SATC was a manifesto for modern women, as its heroines neurotically strove after the perfect relationship, wardrobe, cocktail and gay best friend. But while posing as have-it-all divas, they suffered fates any true feminist would die to avoid.
Carrie desperately sought a man who met her high standards. In truth, she was every bastard's dream: a ditz he could string along while playing the field then settle down with when he's too old and fat to get anyone better. That's what Big did.

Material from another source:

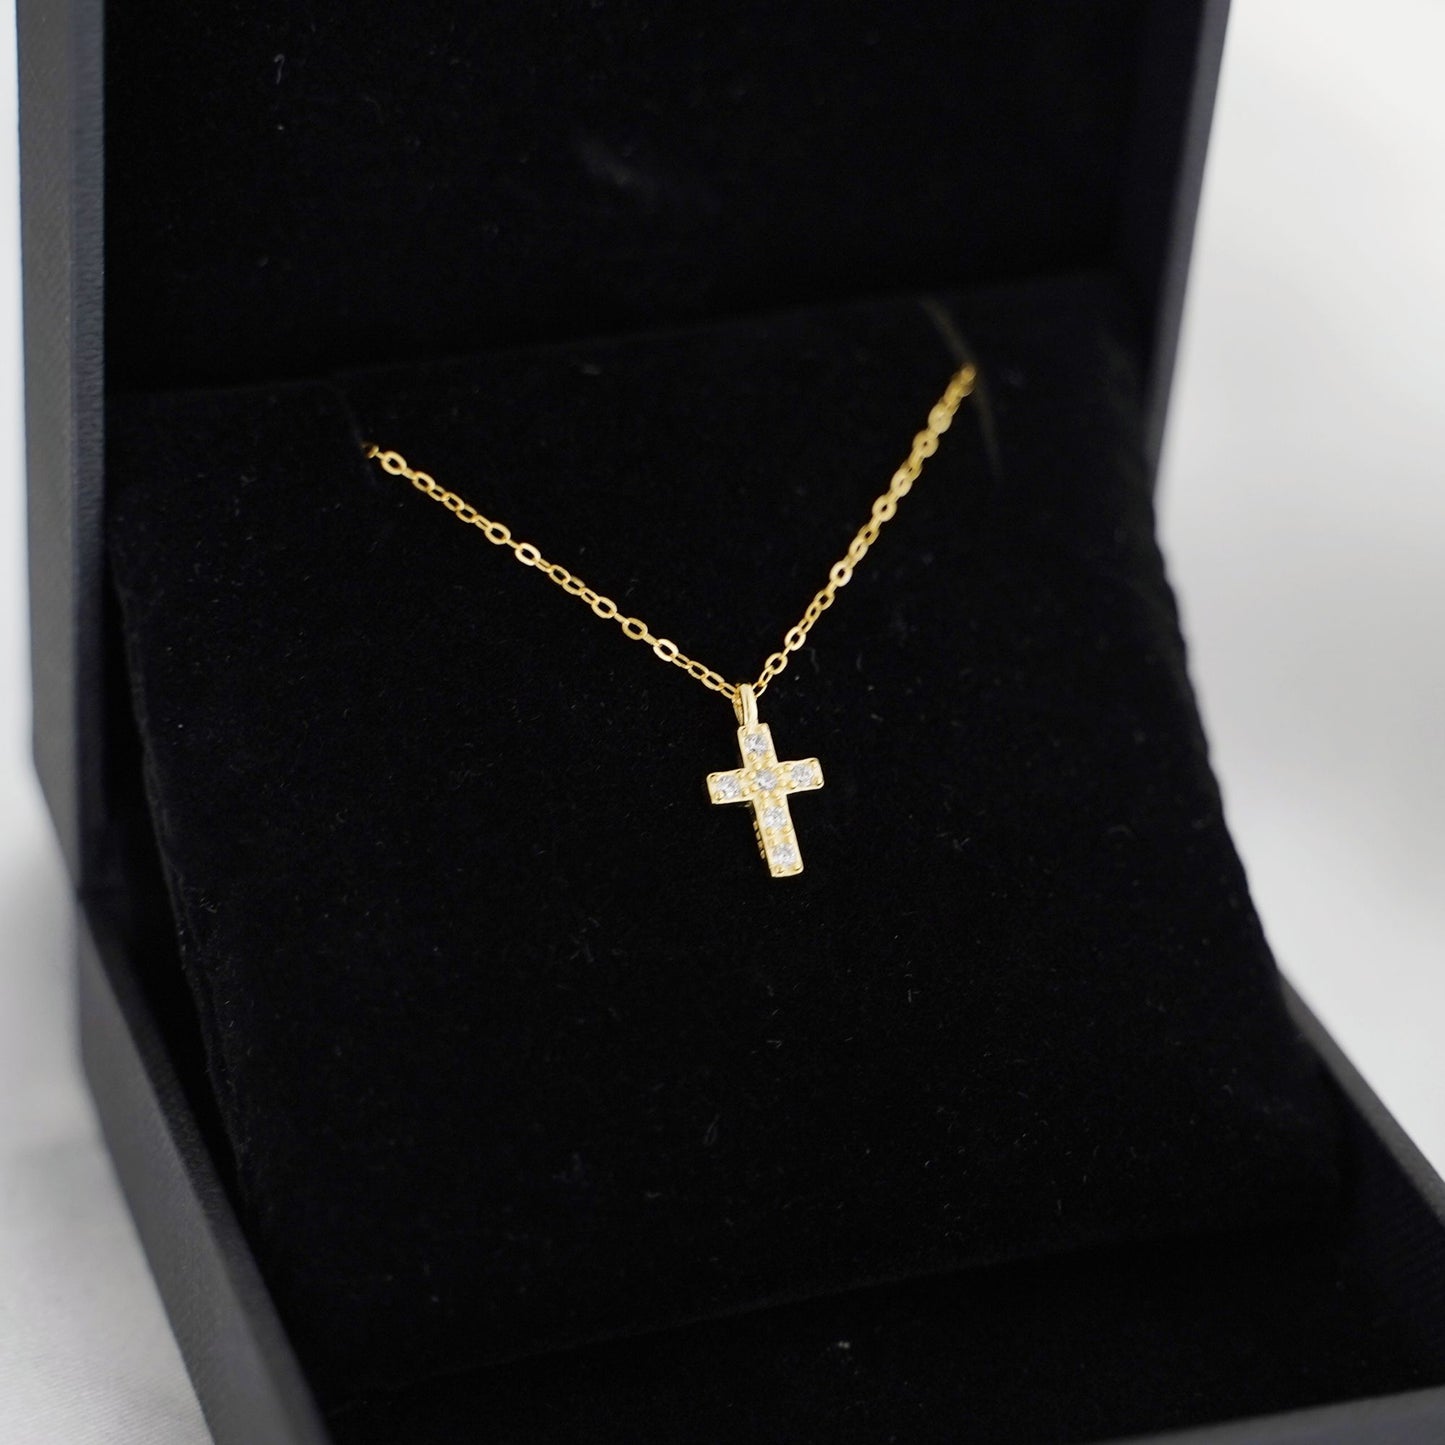 Sterling Silver Small Cross Paved CZ Charm Pendant Chain Necklace 2 Tones - sugarkittenlondon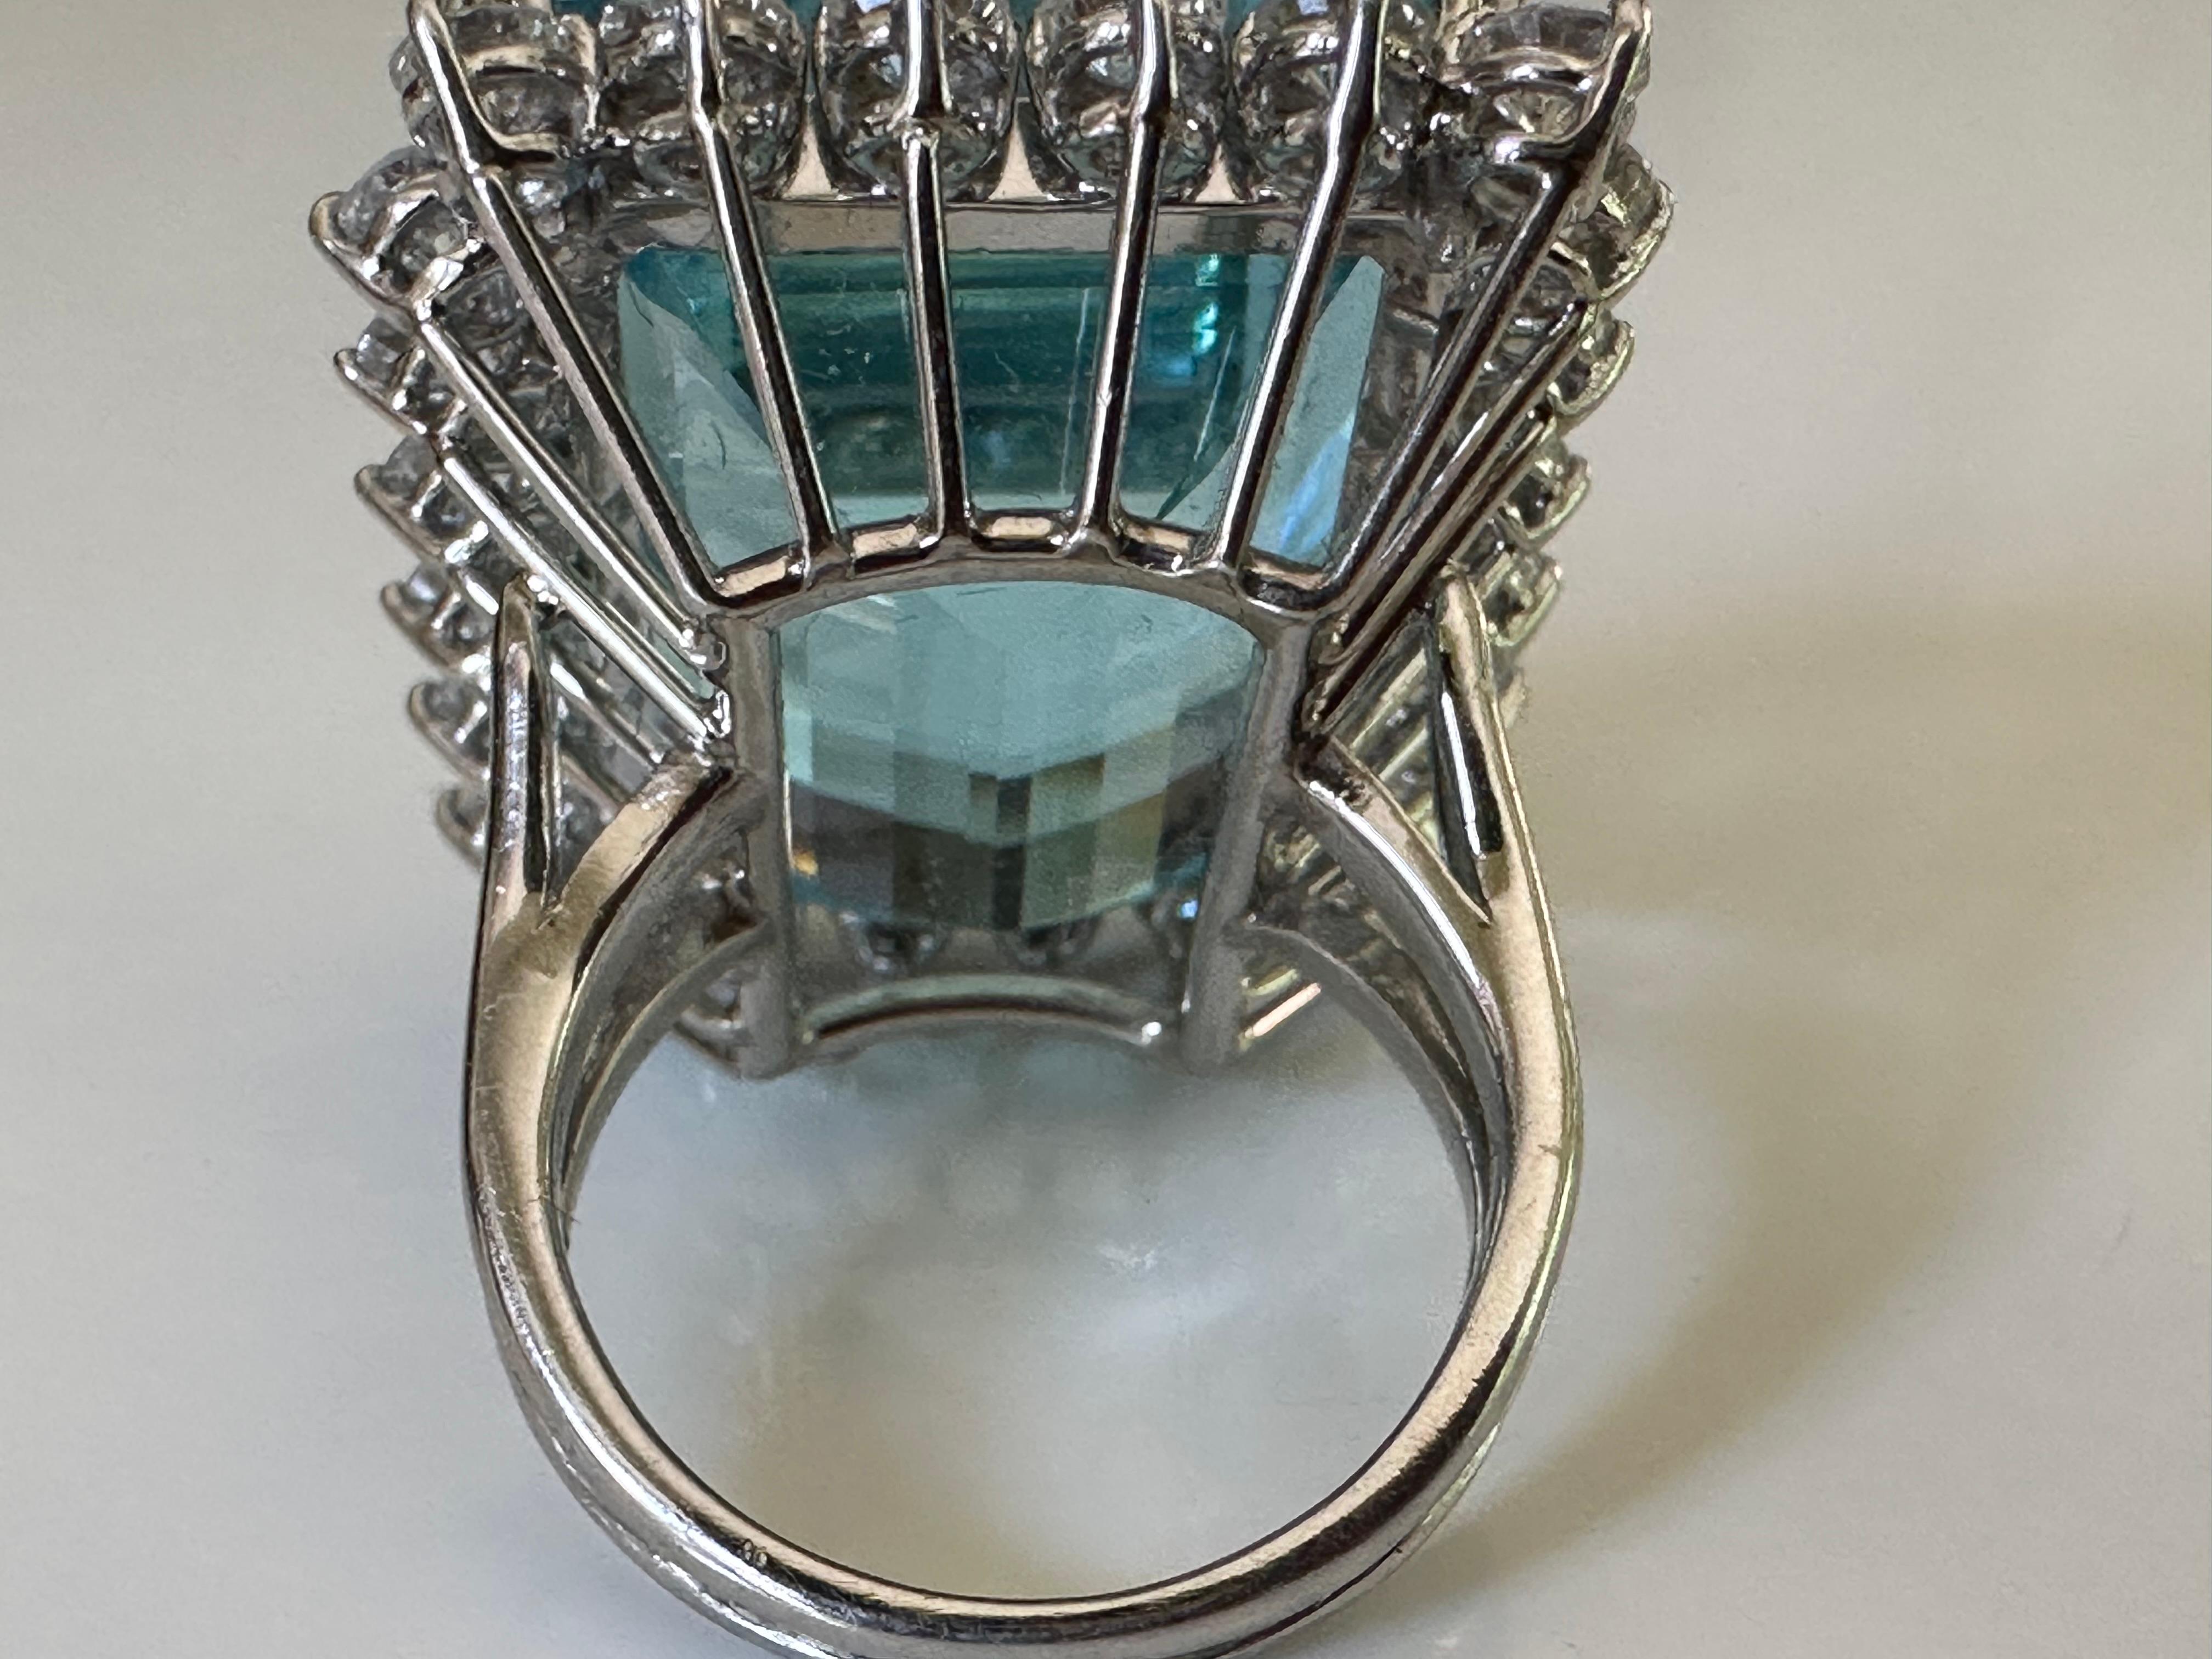 49.20-Carat Emerald-Cut Aquamarine and Diamond Cocktail Ring  In Good Condition For Sale In Denver, CO

Sweet and beautiful Charlotte bent over backwards and even changed her religion just to marry a man who looked like Austin Powers's nemesis, Dr Evil. And having reached the summit of her legal career, did spunky Miranda choose a man who matched her intellect and ambition? No. She landed a timid, half-educated handyman she could outsmart and out-earn, whose balls she would break for the rest of his godforsaken life.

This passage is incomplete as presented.